Example 6: Inventory Decrement with Low-Stock Alert

Scenario: When an order is placed, decrement the stock count for each ordered SKU atomically. If any SKU falls below the reorder threshold, trigger a procurement notification workflow.

Workflow position: Inside a Loop node iterating over order line items.

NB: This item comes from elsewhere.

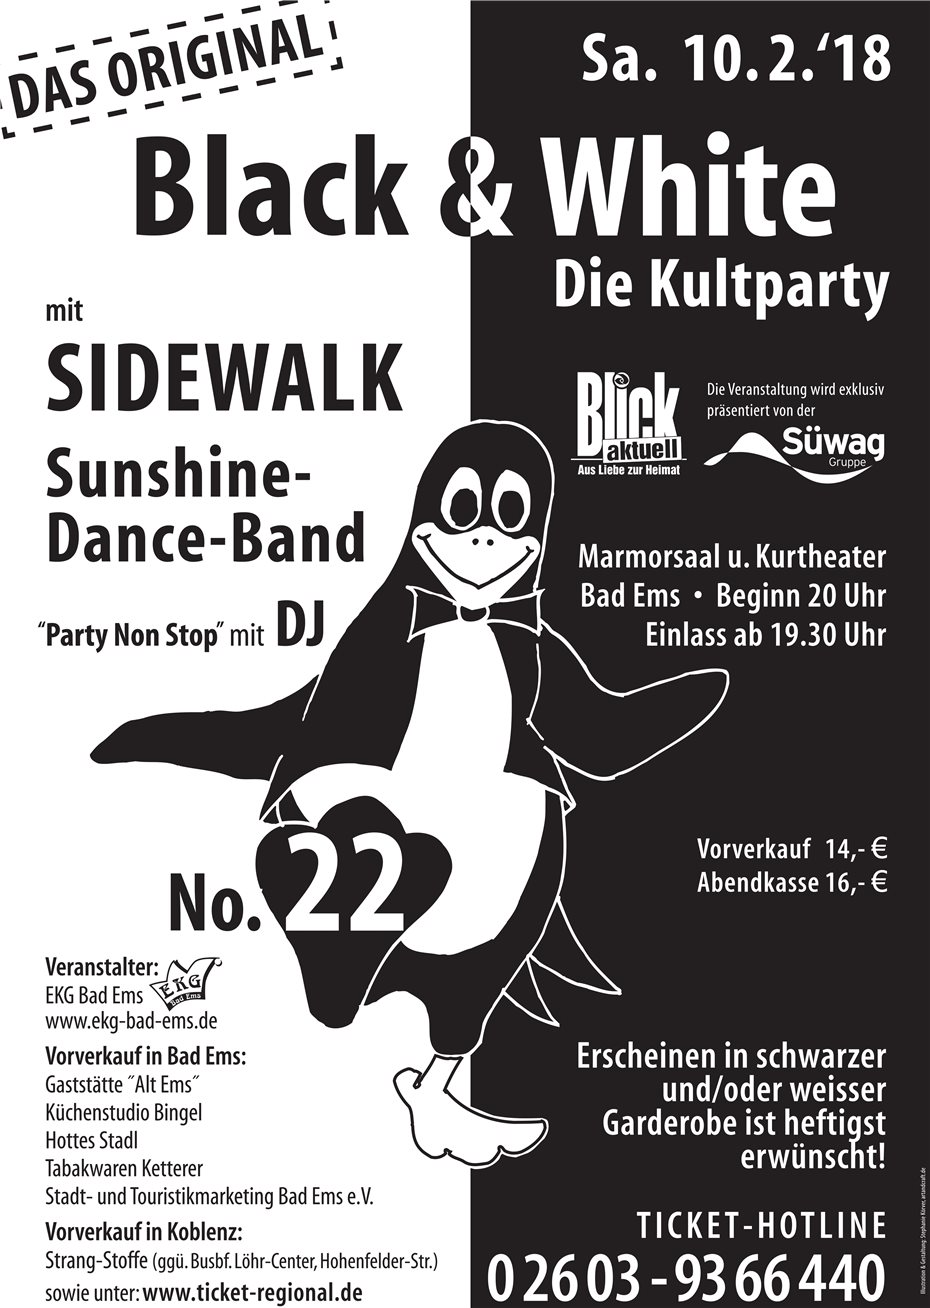 Die Kultparty Black & White am Karnevalssamstag in Bad Ems

// Step 1 — Decrement stock count atomically
{
  "credential_id": "mongodb-atlas-prod",
  "resource": "document",
  "operation": "find-one-and-update",
  "database": "inventory",
  "collection": "stock_levels",
  "filter": {
    "sku": "{{ vars.current_sku }}",
    "quantity_available": { "$gte": "{{ vars.ordered_quantity }}" }
  },
  "update": {
    "$inc": { "quantity_available": "{{ vars.ordered_quantity * -1 }}" },
    "$set": {
      "last_decremented_at": "{{ now() }}",
      "last_order_id": "{{ vars.order_id }}"
    }
  },
  "return_document": "after",
  "upsert": false
}

// Step 2 — Check threshold (If Condition node after Step 1):
// Condition: $node.DecrementStock.output.document.quantity_available <= $node.DecrementStock.output.document.reorder_threshold
// True branch: Sub-Workflow trigger → procurement notification

// Step 3 — Handle insufficient stock (false = filter found no document with enough stock)
// If $node.DecrementStock.output.found == false: Stop Workflow with status=failed, message="Insufficient stock for SKU {{ vars.current_sku }}"
Expected outcome: Stock is decremented atomically — no race conditions. If insufficient stock exists, the operation does not decrement and returns found: false for clean error handling. When remaining stock falls to the reorder threshold, a Sub-Workflow triggers an automated purchase order creation workflow.